DELM uses two configuration files:

1. Pipeline Configuration (config.yaml)

llm_extraction:
  provider: "openai"
  name: "gpt-4o-mini"
  temperature: 0.0
  batch_size: 10
  track_cost: true
  max_budget: 50.0

data_preprocessing:
  target_column: "text"
  splitting:
    type: "ParagraphSplit"
  scoring:
    type: "KeywordScorer"
    keywords: ["price", "forecast", "guidance"]

schema:
  spec_path: "schema_spec.yaml"

2. Schema Specification (schema_spec.yaml)

schema_type: "nested"
container_name: "commodities"

variables:
  - name: "commodity_type"
    description: "Type of commodity mentioned"
    data_type: "string"
    required: true
    allowed_values: ["oil", "gas", "copper", "gold"]
  
  - name: "price_value"
    description: "Price mentioned in text"
    data_type: "number"
    required: false

Schema Types

DELM supports three levels of schema complexity:

Simple Schema (Level 1)

Extract key-value pairs from each text chunk:

schema_type: "simple"
variables:
  - name: "price"
    description: "Price mentioned"
    data_type: "number"
  - name: "company"
    description: "Company name"
    data_type: "string"

Nested Schema (Level 2)

Extract structured objects with multiple fields:

schema_type: "nested"
container_name: "commodities"
variables:
  - name: "type"
    description: "Commodity type"
    data_type: "string"
  - name: "price"
    description: "Price value"
    data_type: "number"

Multiple Schema (Level 3)

Extract multiple independent schemas simultaneously:

schema_type: "multiple"
commodities:
  schema_type: "nested"
  container_name: "commodities"
  variables: [...]
companies:
  schema_type: "nested"
  container_name: "companies"
  variables: [...]

Supported Data Types

Type	Description	Example
`string`	Text values	`"Apple Inc."`
`number`	Floating-point numbers	`150.5`
`integer`	Whole numbers	`2024`
`boolean`	True/False values	`true`
`[string]`	List of strings	`["oil", "gas"]`
`[number]`	List of numbers	`[100, 200, 300]`
`[integer]`	List of integers	`[1, 2, 3, 4]`
`[boolean]`	List of booleans	`[true, false, true]`

Advanced Features

Cost Summary

# Get cost summary after extraction
cost_summary = delm.get_cost_summary()
print(f"Total cost: ${cost_summary['total_cost']}")

Semantic Caching

Reuses api responses from identical calls. Ensures no wasted api credits for certain experiment re-runs.

semantic_cache:
  backend: "sqlite"        # sqlite, lmdb, filesystem
  path: ".delm_cache"
  max_size_mb: 512
  synchronous: "normal"    # sqlite only: "normal" or "full"

Relevance Filtering

data_preprocessing:
  scoring:
    type: "KeywordScorer"
    keywords: ["price", "forecast", "guidance"]
  pandas_score_filter: "delm_score >= 0.7"

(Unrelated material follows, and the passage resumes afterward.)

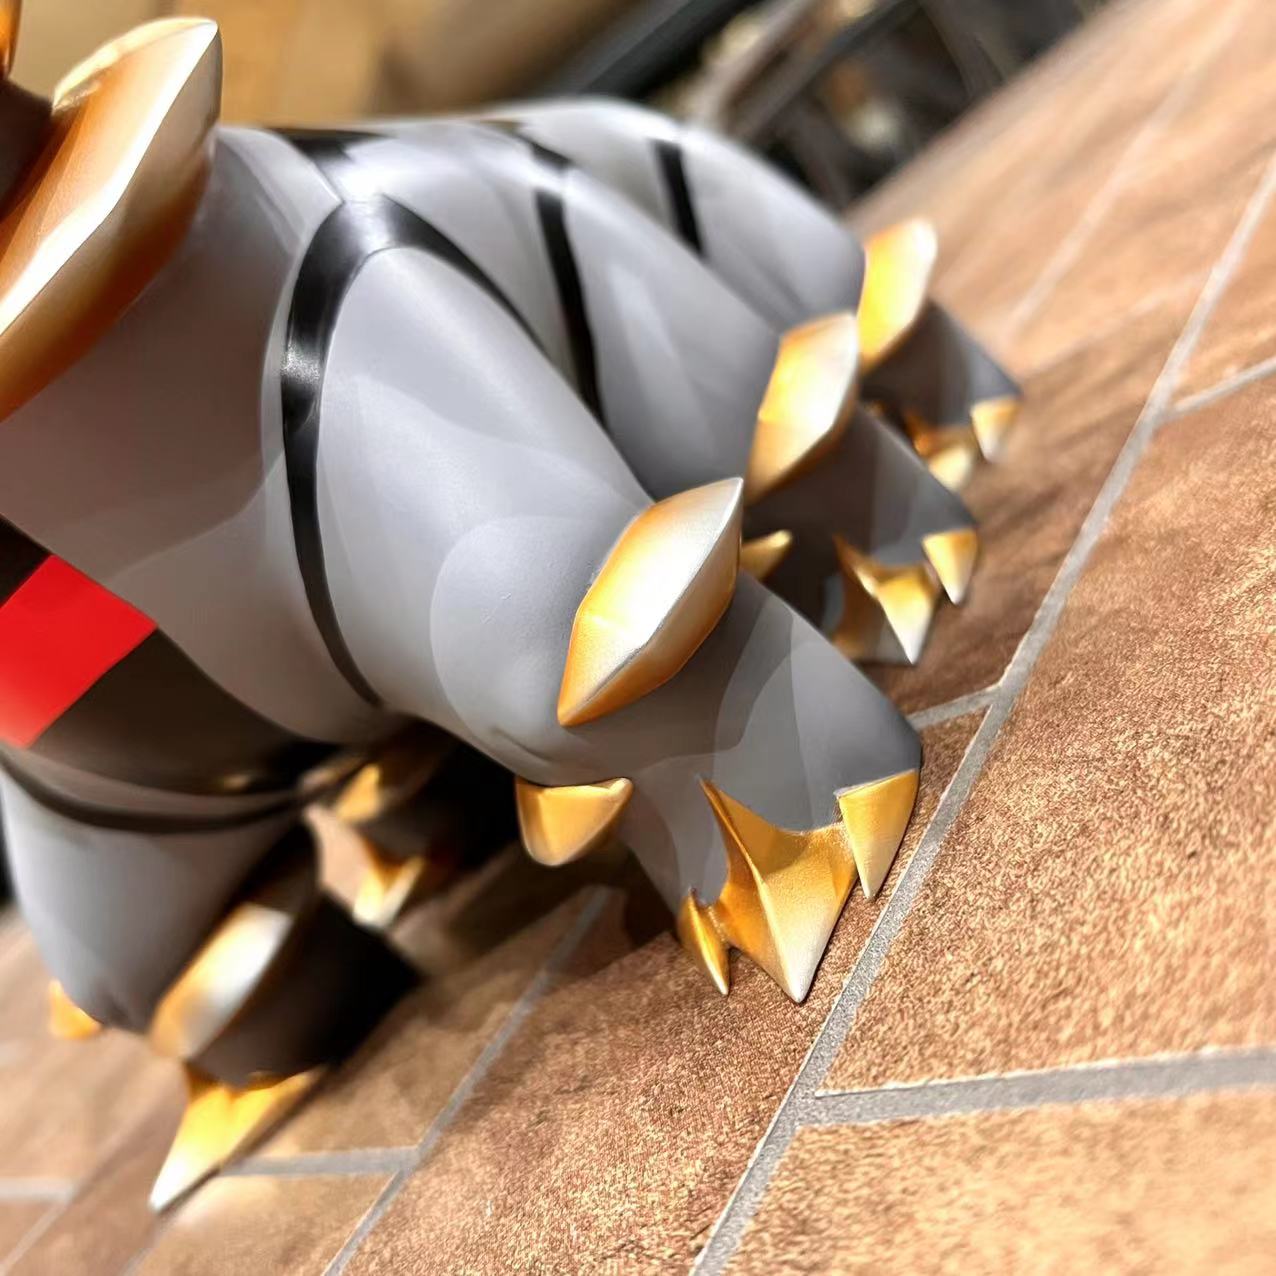 [PREORDER CLOSED] 1/20 Scale World Figure [KING] - Giratina (Altered Forme)

If a scorer is configured but no pandas_score_filter is provided, all chunks are kept (a warning is logged).

Text Splitting Strategies

data_preprocessing:
  splitting:
    type: "ParagraphSplit"      # Split by paragraphs
    # type: "FixedWindowSplit"  # Split by sentence count
    # window: 5
    # stride: 2
    # type: "RegexSplit"        # Custom regex pattern
    # pattern: "\n\n"

Performance & Evaluation

Cost Estimation

Estimate total cost of your current configuration setup before running the full extraction.

from delm.utils.cost_estimation import estimate_input_token_cost, estimate_total_cost

# Estimate input token costs without API calls
input_cost = estimate_input_token_cost(
    config="config.yaml",
    data_source="data.csv"
)
print(f"Input token cost: ${input_cost:.2f}")

# Estimate total costs using API calls on a sample
total_cost = estimate_total_cost(
    config="config.yaml",
    data_source="data.csv",
    sample_size=100
)
print(f"Estimated total cost: ${total_cost:.2f}")

Performance Evaluation

Estimate the performance of your current configuration before running the full extraction.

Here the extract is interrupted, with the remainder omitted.